Section 2. Election and Term of Office. The officers of the Corporation shall be chosen at the annual meeting of the Board of Directors; vacancies in officer positions may be filled by the Board of Directors at any duly called meeting provided that the notice of meeting discloses the filling of a vacancy as a purpose of the meeting. Each office shall have a term of two (2) years. Terms of office shall begin on the first day of the next fiscal year and end on the last day of the appropriate fiscal year.
Section 3. Removal. Any officer of the Corporation may be removed by a vote of two-thirds (2/3) of the Board of Directors at a duly called meeting provided that the notice of meeting discloses the consideration of the removal of an officer as a purpose of the meeting.
Section 4. President: Powers and Duties. The President shall preside at all meetings of the Board of Directors. He or she shall have general supervision of the affairs of the Corporation. He or she shall keep the Board of Directors fully informed, and shall freely consult with them concerning the activities of the Corporation. He or she shall have the power to sign alone, unless the Board of Directors shall specifically require an additional signature, in the name of the Corporation all contracts authorized either generally or specifically by the Board. He or she shall perform such other duties as shall from time to time be assigned by the Board of Directors. The President, after consulting with the Board, shall appoint members to standing and ad hoc committees and shall be an ex-officio member of all committees.
Section 5. Vice Presidents: Powers and Duties. The Vice President(s) shall have such powers and duties as may be assigned to them by the Board of Directors. In the absence or incapacity of the President, the Vice President, in the order designated by the Board of Directors, shall in general perform the duties of the President.
Section 6. Secretary: Powers and Duties. The Secretary shall have charge of such books, documents and papers as the Board of Directors may determine; shall keep, or cause to be kept, a true and complete record of the meetings of the Board of Directors; shall give, or cause to be given, notice of all meetings of the directors. Such books shall be open for inspection as provided by law. The Secretary shall, in general, perform all the duties customarily incident to the office of secretary subject to the control of the Board of Directors and shall perform other duties as may from time to time be assigned by the Board of Directors.
Section 7. Treasurer: Powers and Duties. The Treasurer shall have the custody of all funds and securities of the Corporation. He or she shall keep or cause to be kept full and accurate accounts of receipts and disbursements of the Corporation and shall deposit all moneys and other valuable effects of the Corporation in the name of and to the credit of the Corporation in such banks or depositories as the Board of Directors may designate. Corporate funds may be deposited only in banks or institutions which are insured by the Federal Deposit Insurance Corporation or the Federal Savings and Loan Insurance Corporation. Whenever required by the Board of Directors, the Treasurer shall render a statement of accounts and of the financial condition of the Corporation.

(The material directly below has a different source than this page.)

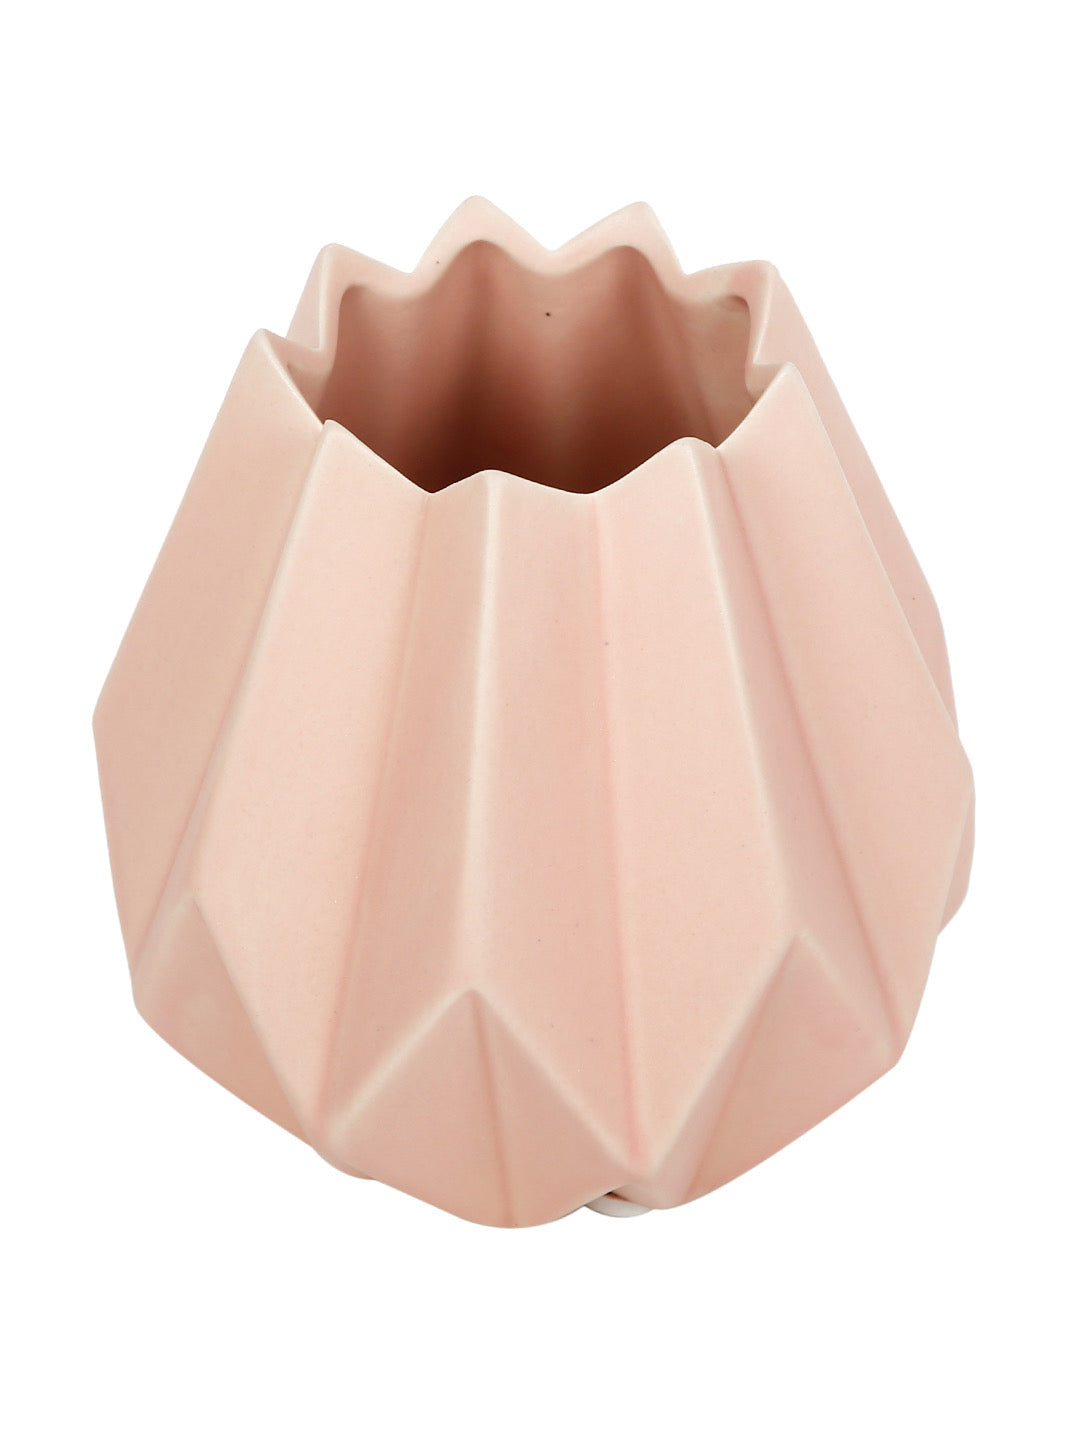 Asymmetrical Peach Ceramic Vase - Default Title (VAS21408)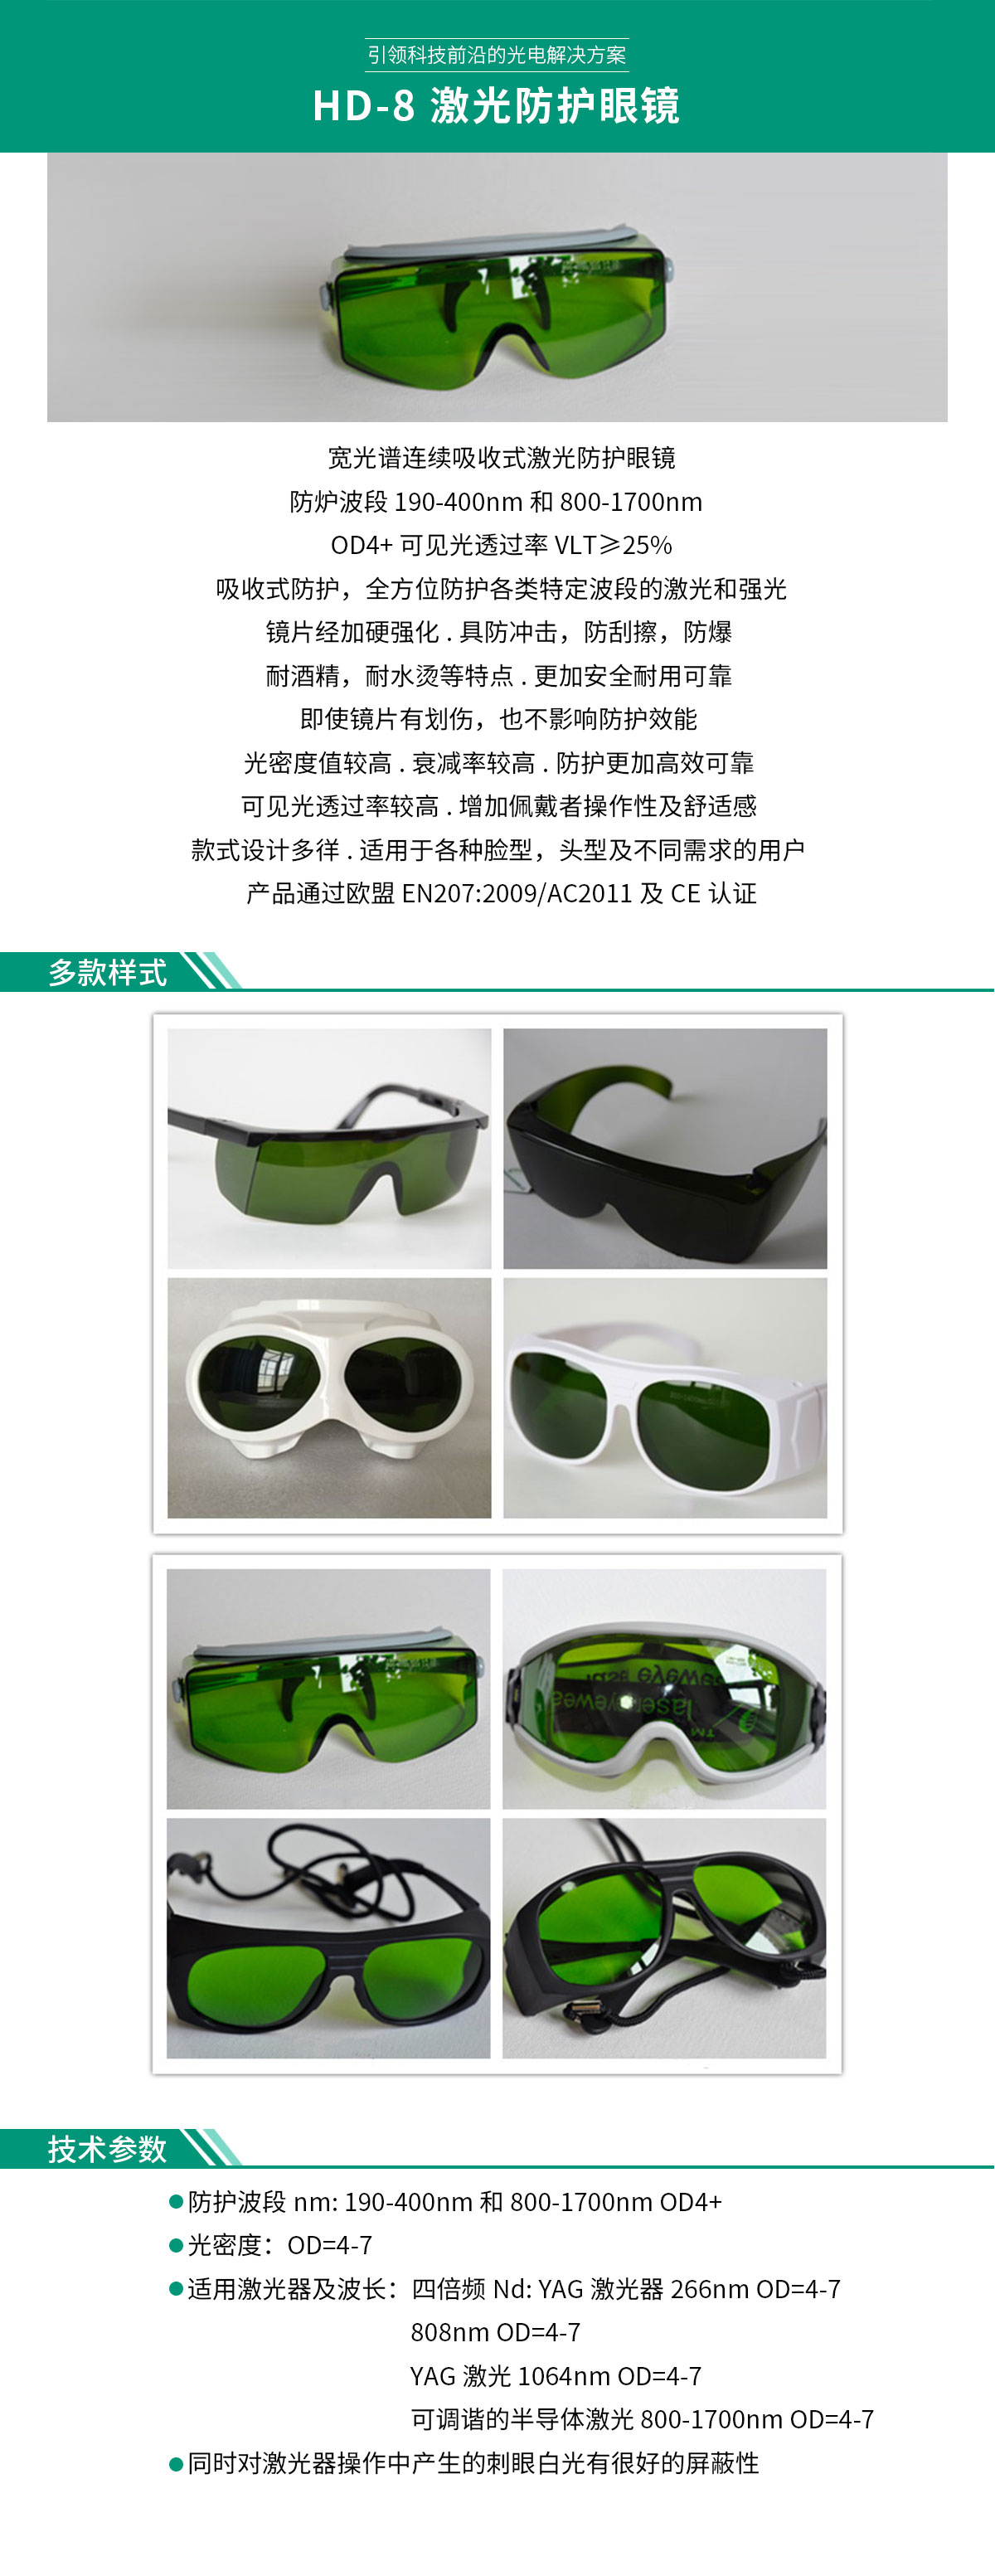 HD-8-激光防護眼鏡

He or she shall at all reasonable times exhibit the books and accounts to any officer or director of the Corporation, and shall perform all duties incident to the position of Treasurer subject to the control of the Board of Directors, and shall when required, give such security for the faithful performance of duties as the Board of Directors may determine. He or she shall cause to be paid all obligations of the corporation approved by the Board. Written checks shall require the signature of the Treasurer and one designated member of the Board.
Section 10. Salary. The officers shall not receive any salary or compensation for their services as officer. No officer shall receive any service or benefit not provided to the general public. Upon compliance with applicable law, officers may be reimbursed for their out-of-pocket expenses incurred while conducting authorized business on behalf of the Corporation. No loans shall be made by the Corporation to any officer.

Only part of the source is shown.